Setting Up Alerts for the ECE Composable Services
To set up alerts for the ECE composable services:
-
Make sure the Prometheus Operator and Alertmanager are installed and running in your Kubernetes environment. For compatible versions, see BRM Compatibility Matrix.
For more information about installing Prometheus Operator and Alertmanager, see the Prometheus Operator documentation on the GitHub website: https://github.com/prometheus-operator/prometheus-operator/tree/main/Documentation/getting-started.
-
Enable alerts, define the alerting rules and thresholds for each alert type, and then deploy or upgrade the oc-ccs-version Helm chart. See "Configuring Alerting Rules and Thresholds".
-
Configure Prometheus Operator to scrape metrics from the charging-gateway pod endpoint.
For an example, see the servicemonitor.yaml file included in the oc-ccs-version Helm chart.
-
Configure Prometheus Alertmanager to send alerts to notification channels such as email, Slack, or PagerDuty.
-
You can view and manage alerts in the Prometheus UI, which shows both real-time and historical alert activity.
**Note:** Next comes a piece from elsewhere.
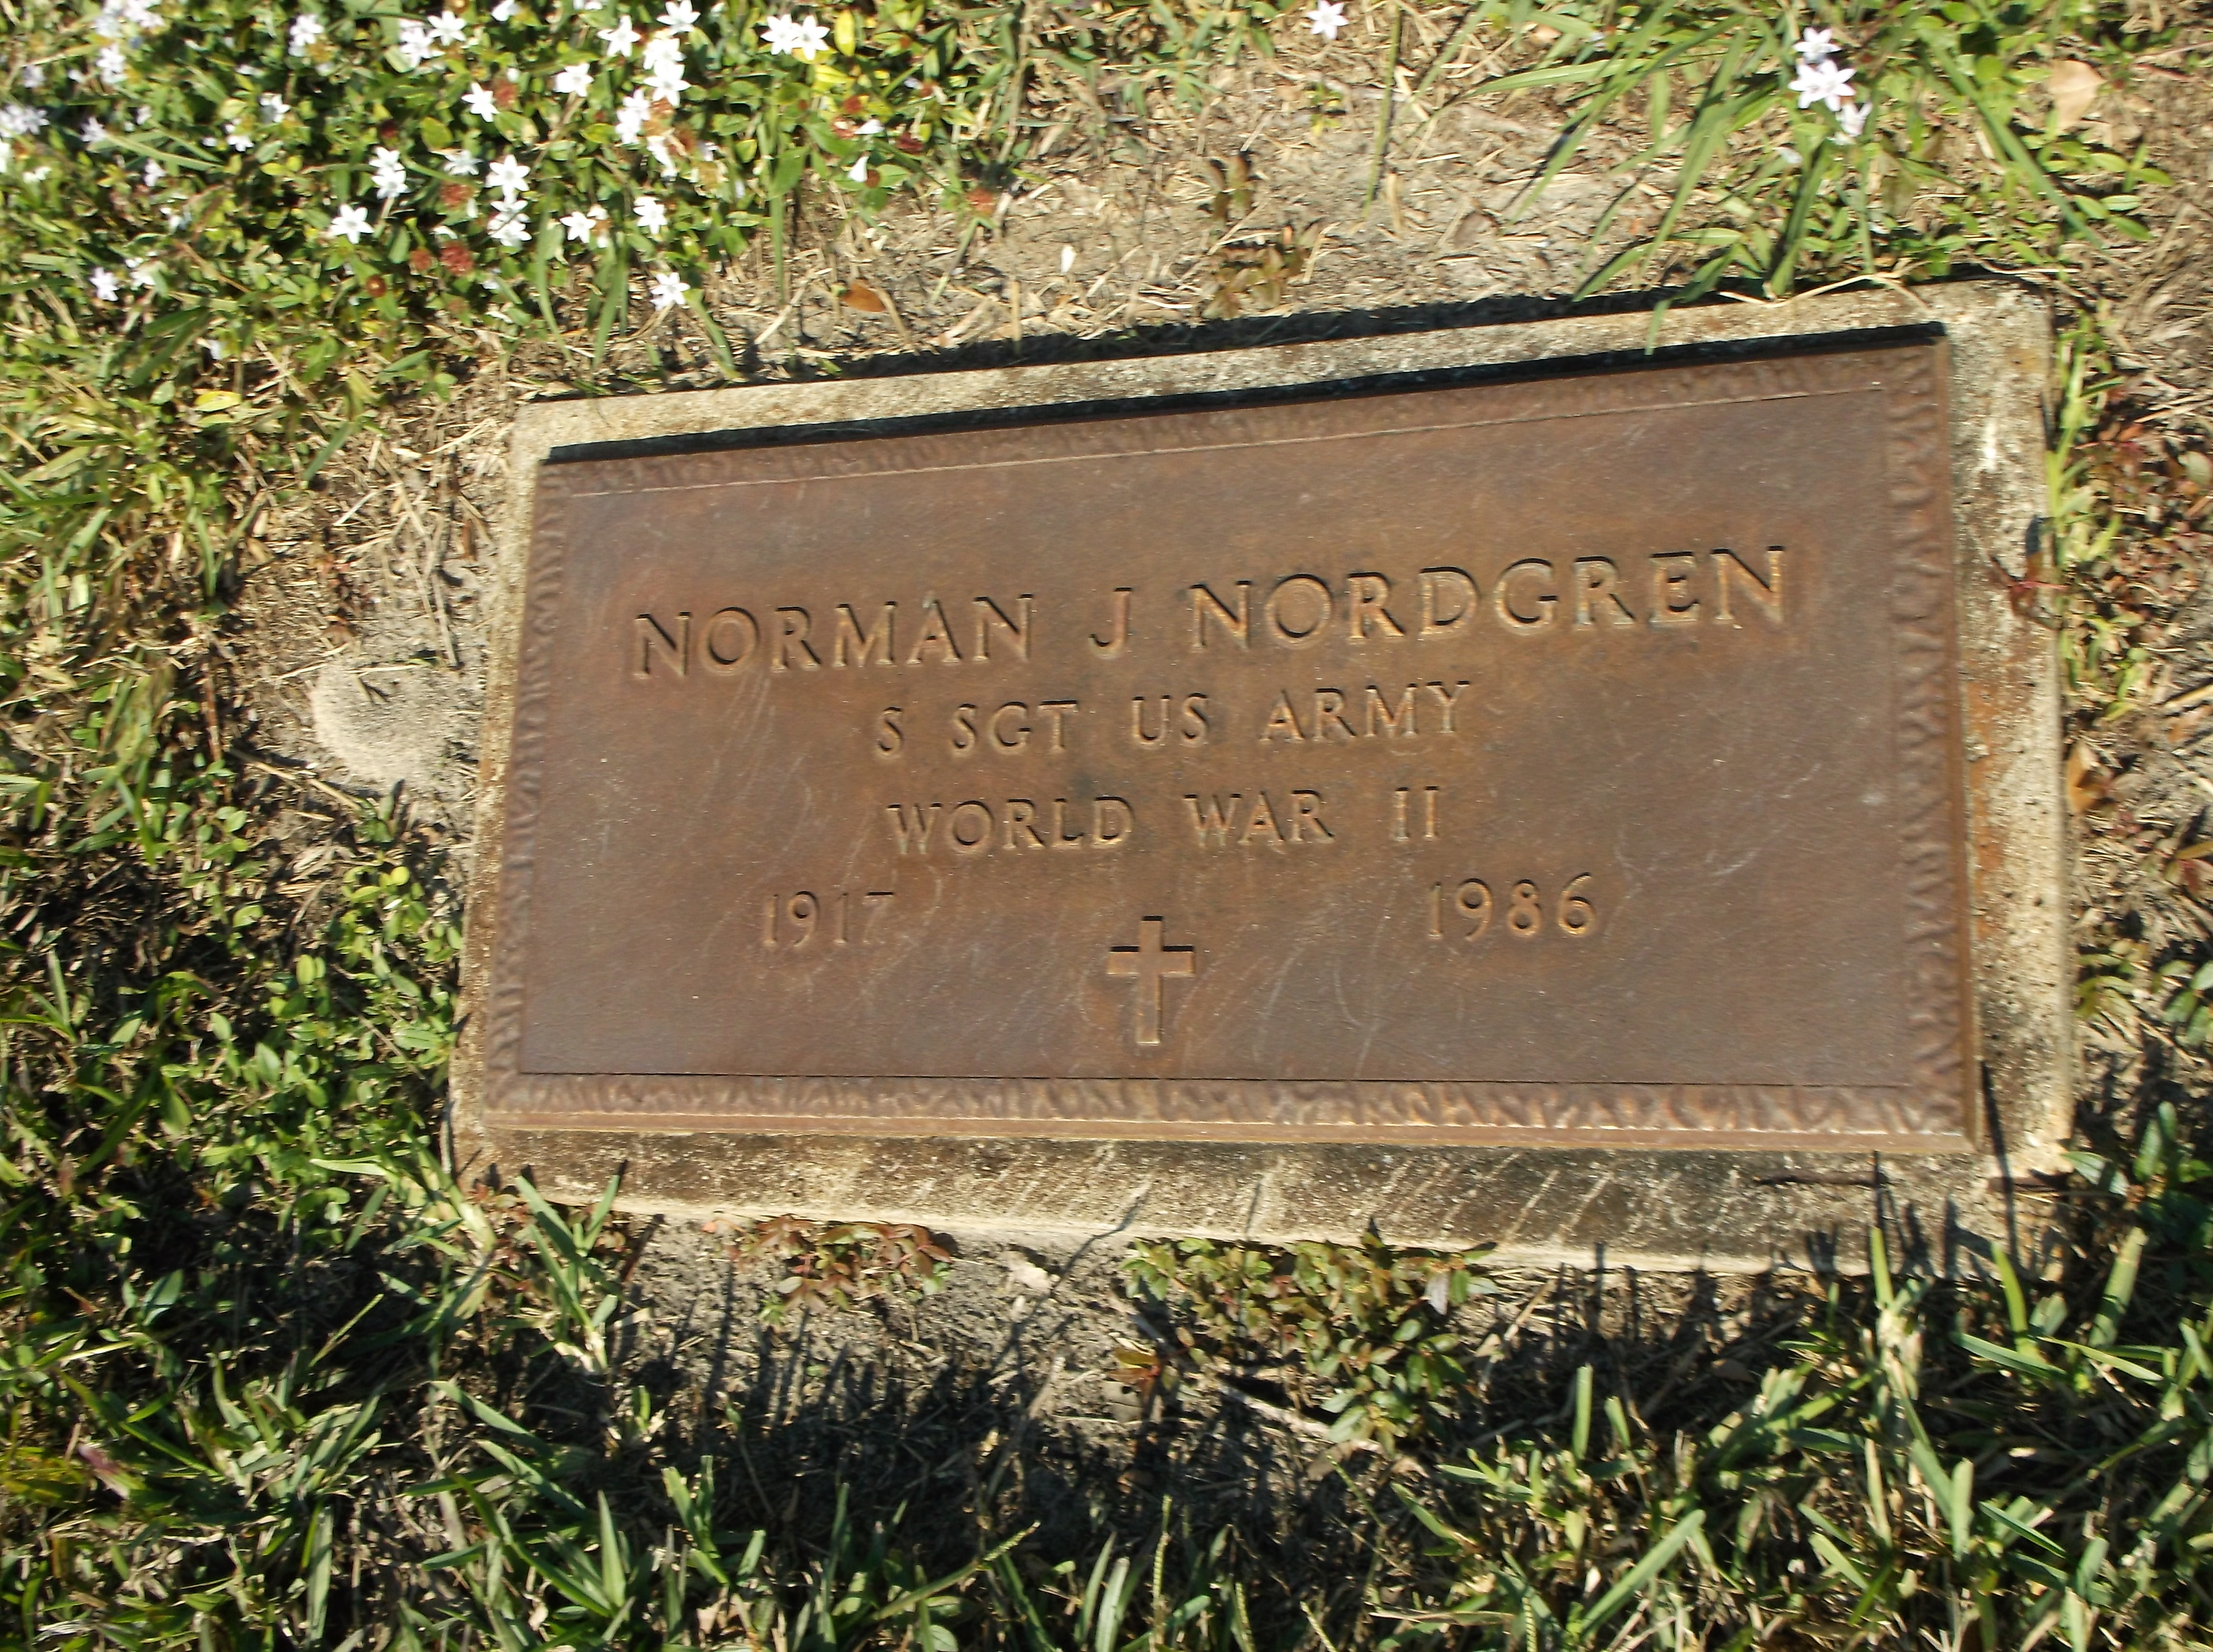 Norman J Nordgren

Configuring Alerting Rules and Thresholds
The ECE composable services include several built-in alert types that help you monitor behavior and data pipeline health. These alerts detect failover conditions, data reliability issues, and processing backlogs, giving operators visibility into system stability and data integrity.
-
Remote Consumption Alert: This alert indicates that a site is processing traffic in disaster recovery mode instead of its primary role. Use this alert to identify failover scenarios and verify that traffic shifts correctly during outages or site disruptions.
-
Retransmission Alert: This alert triggers when the ECE composable services retransmit messages. Retransmissions can indicate upstream instability, duplicate delivery, or network issues. Use this alert to identify conditions that may affect message ordering, duplicate handling, or overall processing performance.
-
Suspend Topic Alert: This alert triggers when the ECE composable services route messages to a suspend topic because they cannot process them successfully. Use this alert to identify potential data quality or processing issues that require manual investigation or intervention.
-
High CloudEvent Backlog Alert: This alert monitors the durable retry backlog and triggers when the number of pending events exceeds a configured threshold. Use this alert to detect bottlenecks in Kafka publishing or downstream systems that may delay CDR delivery.
-
CloudEvent Repository Minor Alert: This lower-severity alert triggers whenever a backlog exists in the retry repository. Use this alert to identify issues early before they grow into larger backlogs or affect the system.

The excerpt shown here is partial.